Why Random Numbers are Impossible in Software
Just by using software, you can’t generate truly random numbers because all current software is deterministic, which means that every output in a calculation will be the exact same given the same input (and providing zero input is still considered an input). By definition, true randomness is the lack of a pattern or predictability in events – and this type of behavior just isn’t possible in software. To achieve “random” behavior in our programs, the absolute best we can do is to simulate randomness by using pseudorandom number generators (from here on out, RNG = random number generator).
Now I keep using the phrase “software” – does that mean we can generate truly random numbers using something else, like hardware? The true answer is that regardless of how you do it, it’s difficult to generate anything random because there aren’t many things that are truly random and replicable, but the quick answer is yes – we can get much, much closer by using actual physical devices to generate random numbers (more on this below).
While software is bad at generating anything truly random – it can still simulate randomness pretty well; let’s dig into how pseudo RNGs work.
Pseudorandom Number Generators
All software RNGs are pseudorandom. Typically, pseudo RNGs will give off the appearance of rendering random numbers, but without the numbers actually being random. Your head might cock here for a second as you think, what’s the difference in appearing to be random versus actually being random? Well, there’s a big difference: you can make anything appear to be random (x, 3, hi, ! – that was random, wasn’t it?), but if the methodology behind generating that randomness isn’t truly random (i.e. if those characters were generated from an algorithm) – then it’s not real.
Pseudo RNGs work by taking a seed value as an input and providing you with a predetermined output based on that seed. If you give a pseudo RNG the same seed over and over again, you’ll get the same number each time (see the example below). Even if you don’t specify an exact seed – which is normally how you use pseudo RNGs – the language will automatically generate a seed for you; using a pseudo RNG this way, you’ll get back a number which seems random – but it isn’t, because it’s based on a non-random seed. That seed is normally generated based on a changing value of the machine’s state so that it simulates randomness – such as the current time, process specs, RAM used, etc. – but none of those values are truly “random” because they’re based on predefined algorithms. To be completely random, you can’t do that.
Here’s an example of two objects using the same seed in Ruby’s pseudo RNG, which, as you can see, generate the same output values:
How Can We Get Truly Random Number Generators?
Despite the limitations of determinism in computer algorithms, getting numbers that represent as close as possible to “truly” random isn’t out of the question.
Imagine flipping a coin or rolling a die - those results are pretty random, right? While building a hardware system to measure these exact actions would be pretty impractical, engineers have gotten creative; one example of a real-life hardware RNG is a system that measures time between atmospheric noise segments on untuned receivers, and uses that as its basis; this is actually how random.org works - one of the most popular “true” RNGs available. You can get even deeper when you start using the unpredictability found in the laws of quantum mechanics – such as measuring the radioactive decay of an atom; according to quantum theory, there’s no way to know for sure when radioactive decay will occur, so this is essentially “pure randomness” from the universe.

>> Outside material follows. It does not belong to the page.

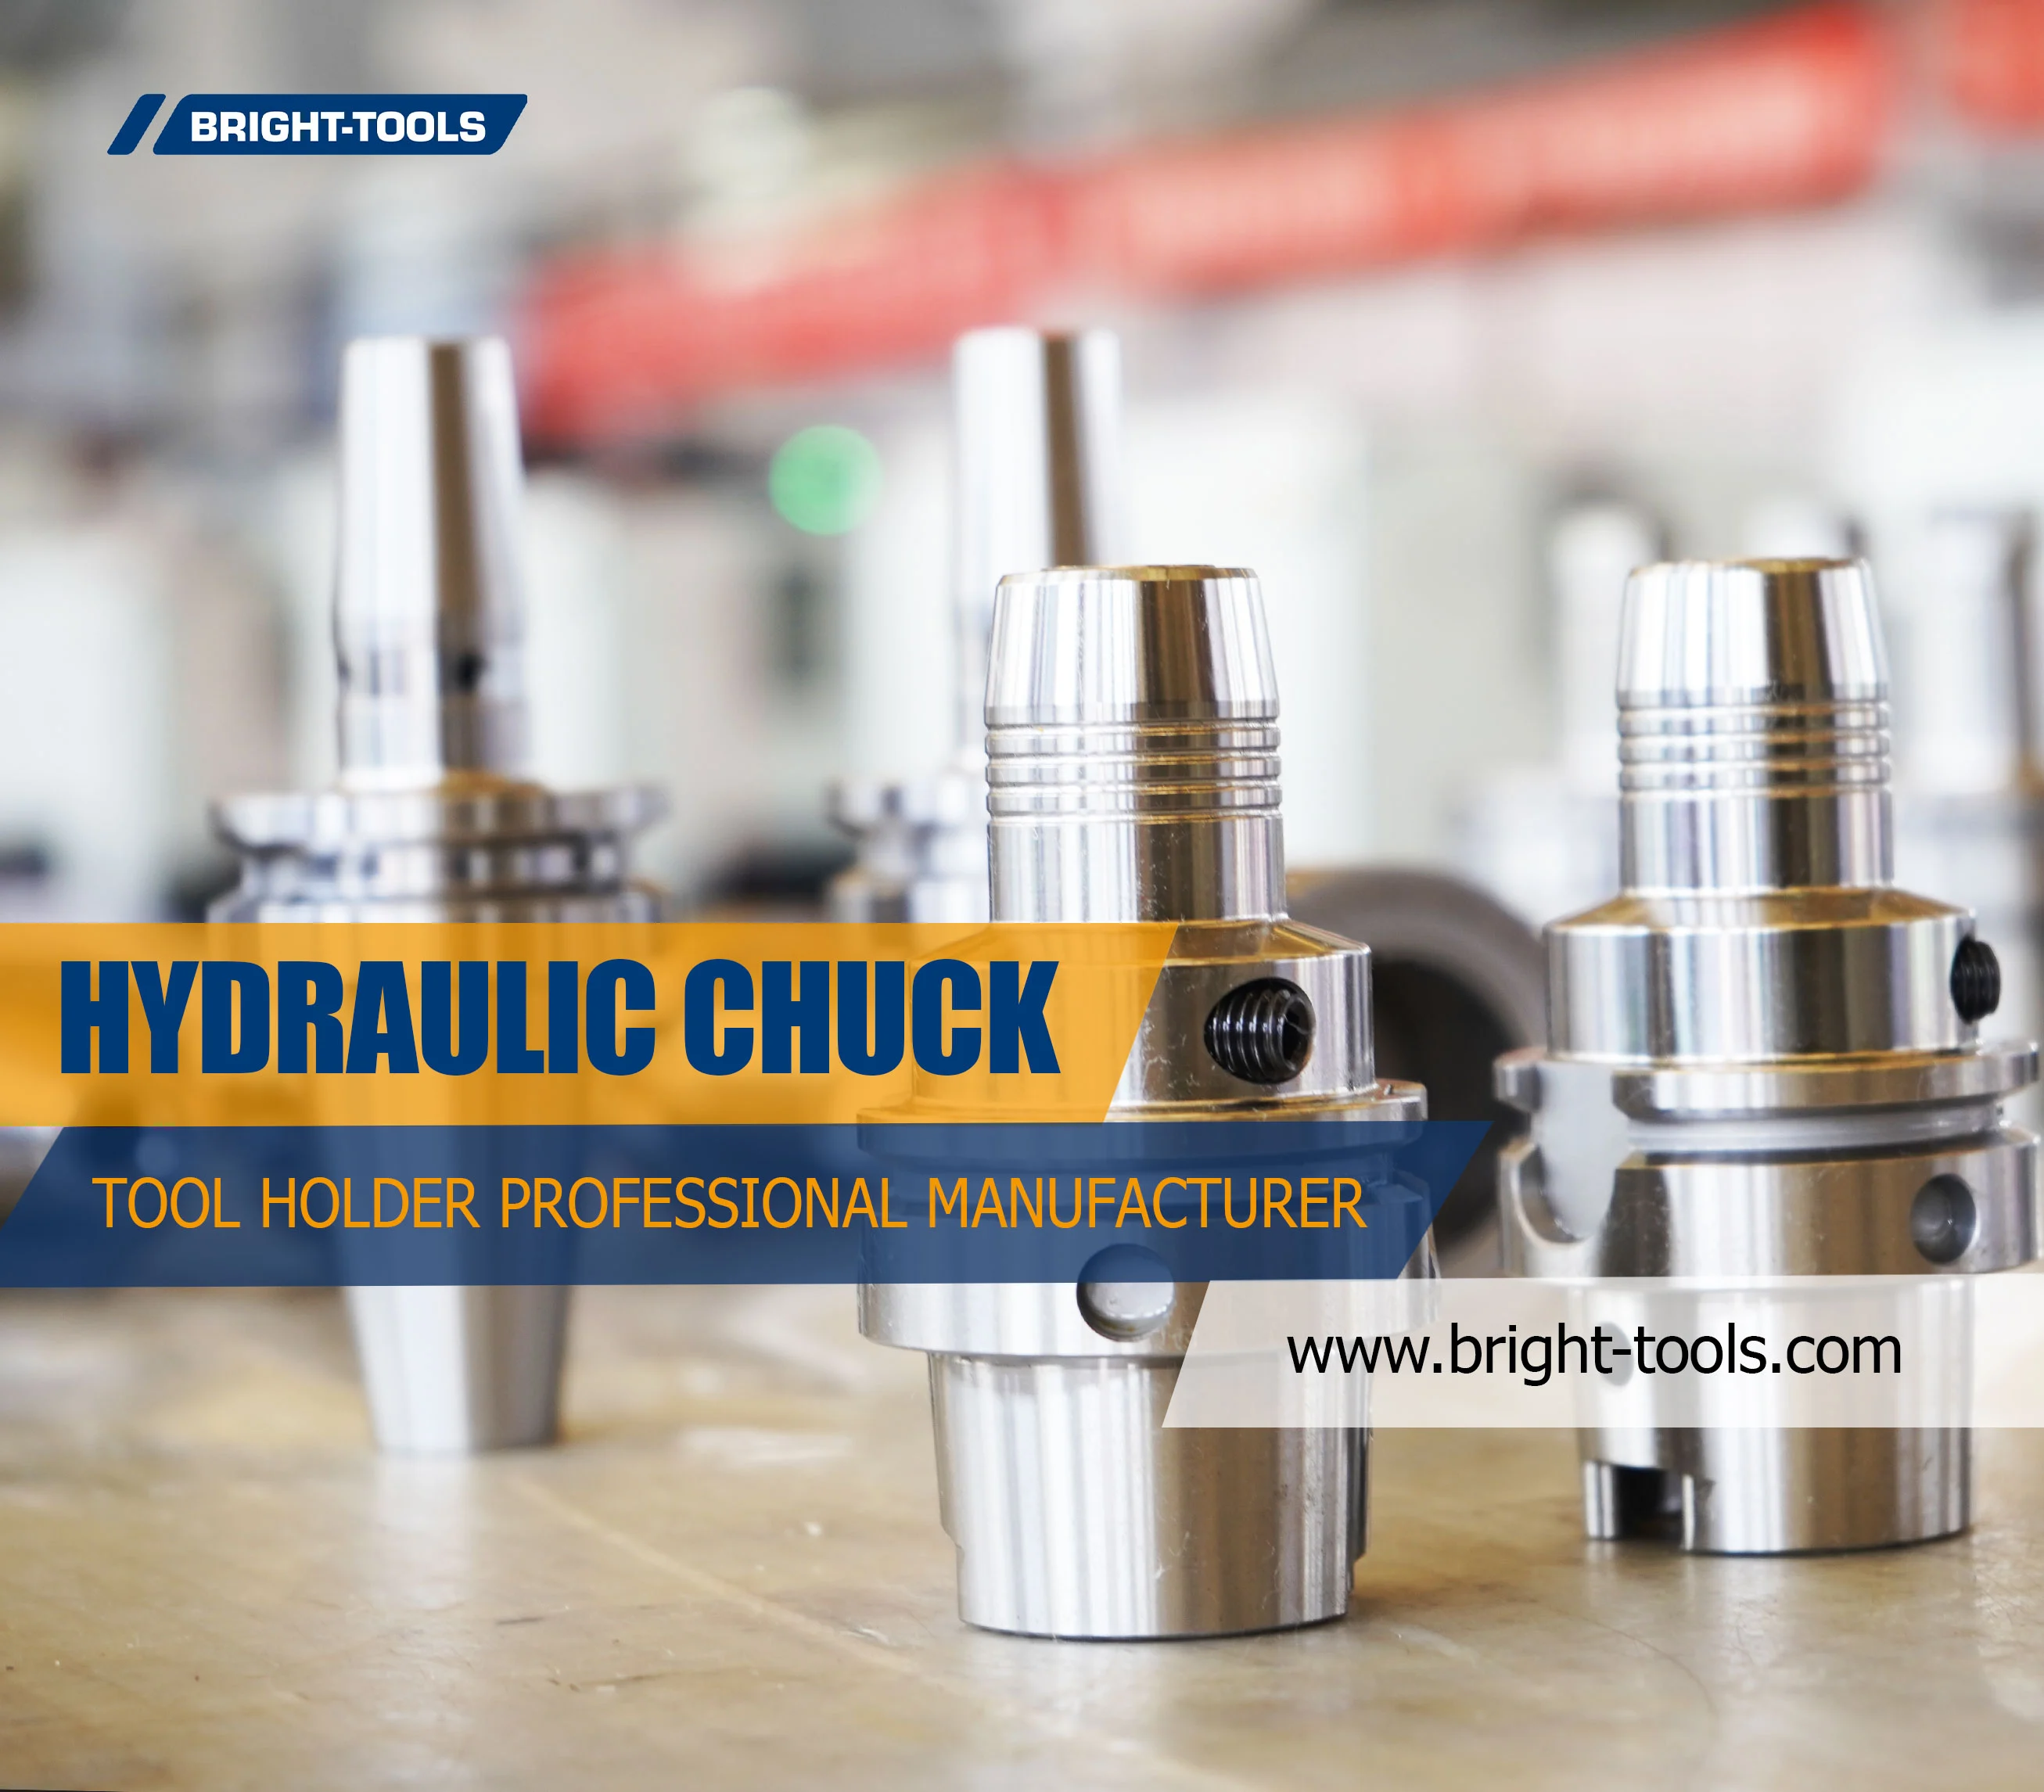 HOW DOES A HYDRAULIC COLLET CHUCK WORK?
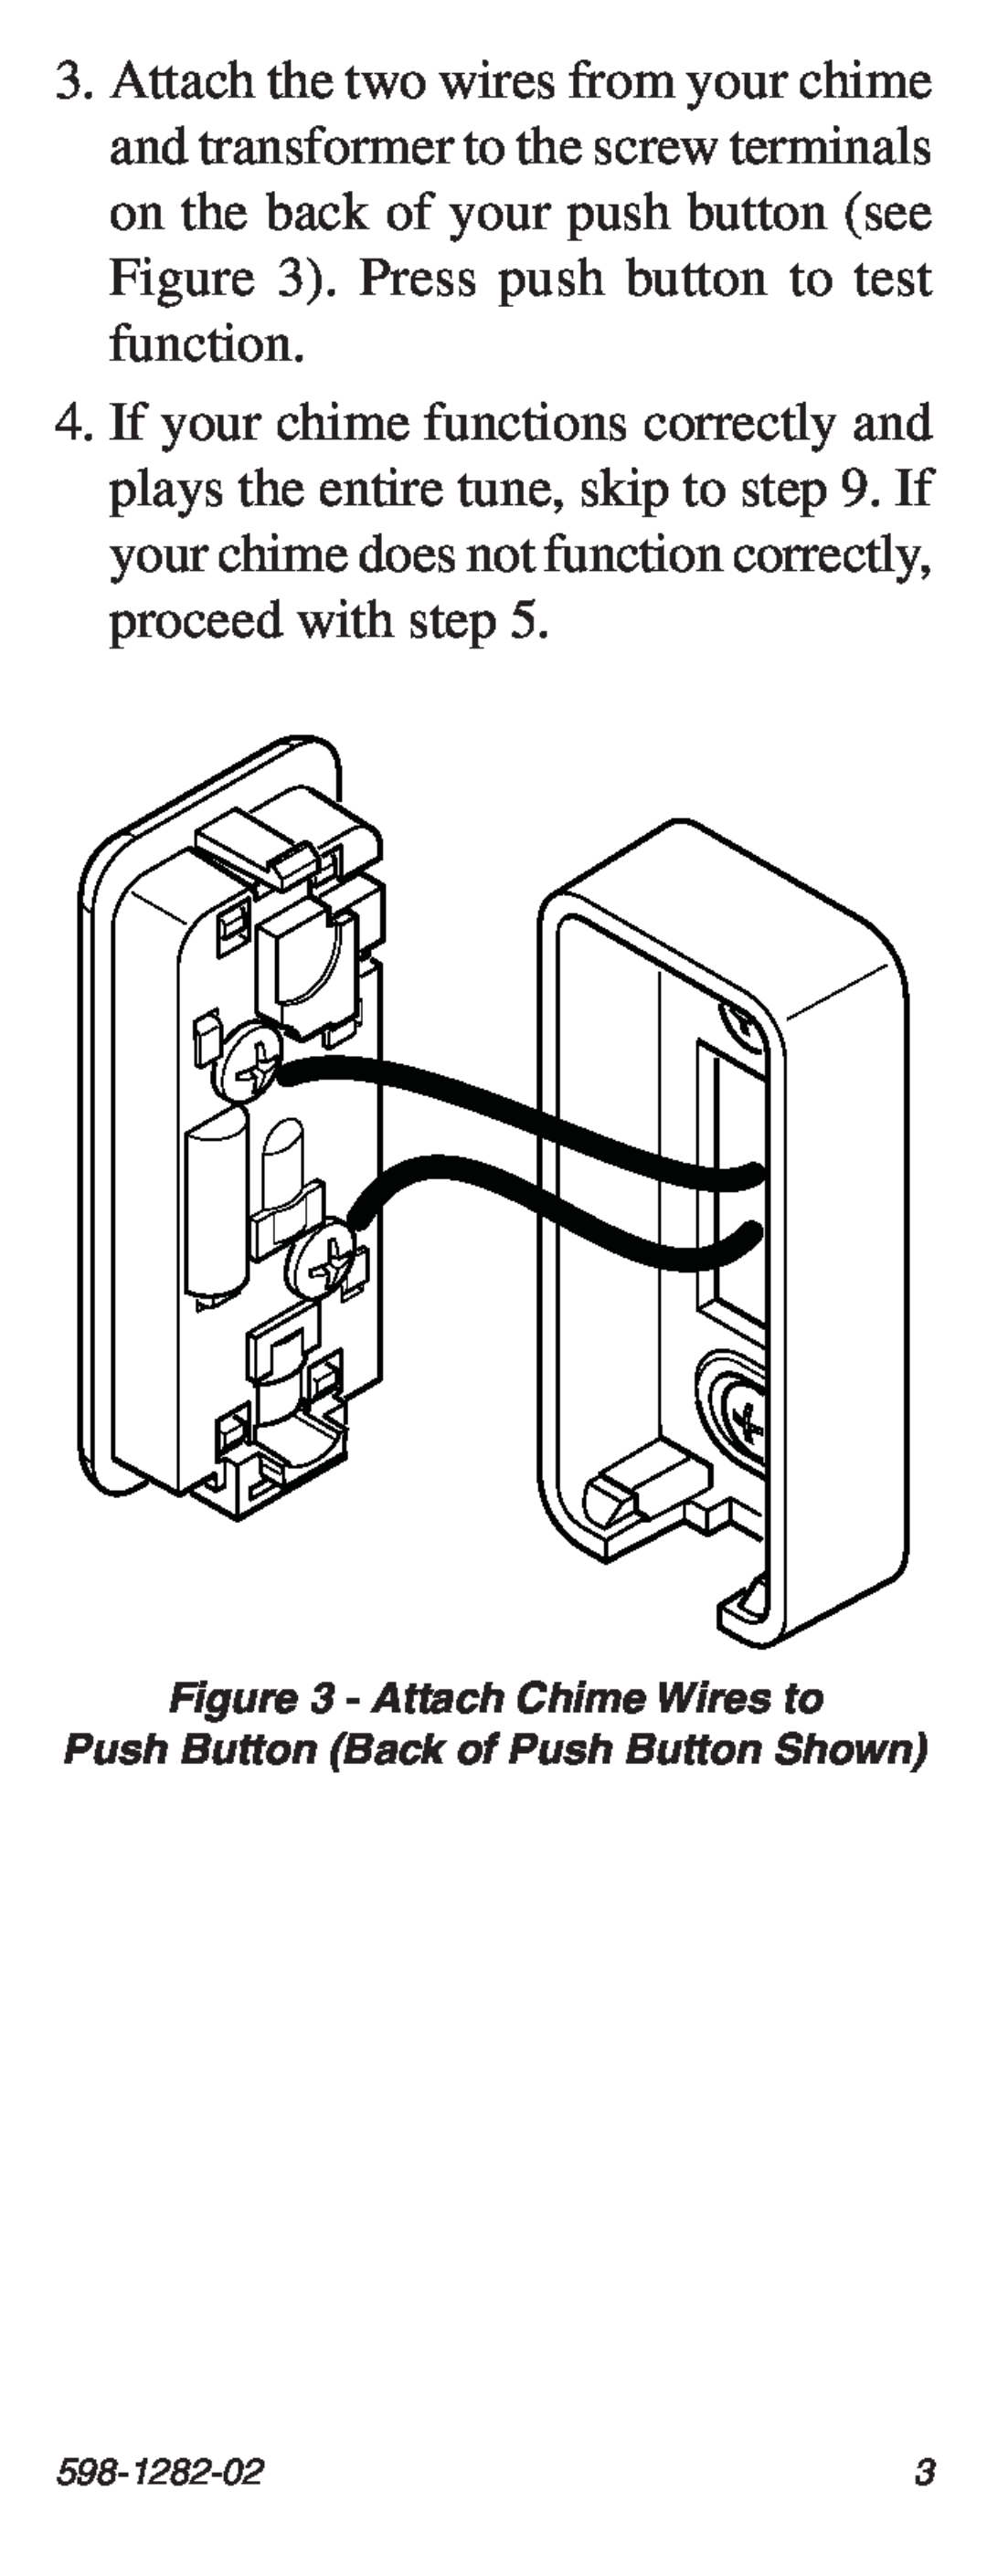 Heath Zenith 598-1282-02 manual Attach Chime Wires to, Push Button Back of Push Button Shown

Does It Matter – Pseudorandom vs. True Random?
This is a question that’s completely based on context. If you’re building an application to randomly select who among your coworkers get’s to pick where to go for lunch – then pseudorandom RNGs are perfect. However – if you’re doing anything involving security, such as cryptography or hashing sensitive information, then you absolutely want true randomness to help generate your keys; any number based on a pseudo RNG is 100% solvable by others since there are man-made algorithms involved.
Taking true randomness a step further – it’s not enough to just be random. Imagine if a truly random value was selected from a sample – but more often than not, you end up getting the same result. That type of behavior normally isn’t considered high quality. When we’re talking about using truly random numbers for real use-cases, then you need a high degree of entropy – or the measure of unpredictability in your results. Without high entropy, it’s difficult to trust a source that provides random information; that’s why it’s common for these sources to go through an “entropy harvesting” phase that allows enough unpredictable results to be generated, thus ensuring the source is indeed high quality. While entropy is harvested, these sources are considered “blocking,” because they’re rate-limited until the desired degree of entropy has been reached. Because of this – as well as the physical nature of gathering results – true RNGs will always execute slower than pseudo RNGs.
The concepts behind true random number generation get really deep, and that’s not what I wanted to get into here. I just wanted to give you a brief – but mildly deep – understanding about how RNGs work in software and why they’re not truly random. Now does that mean you should stop using pseudo RNGs? No, absolutely not – they’re practically essential to modern-day applications, even if they’re not truly random. My advice to you is to use pseudo RNGs for all your random number needs until you run into a situation where you genuinely need something truly random – and trust me, you’ll know when that time comes (and when it does come, that probably means you’re working on a pretty neat project).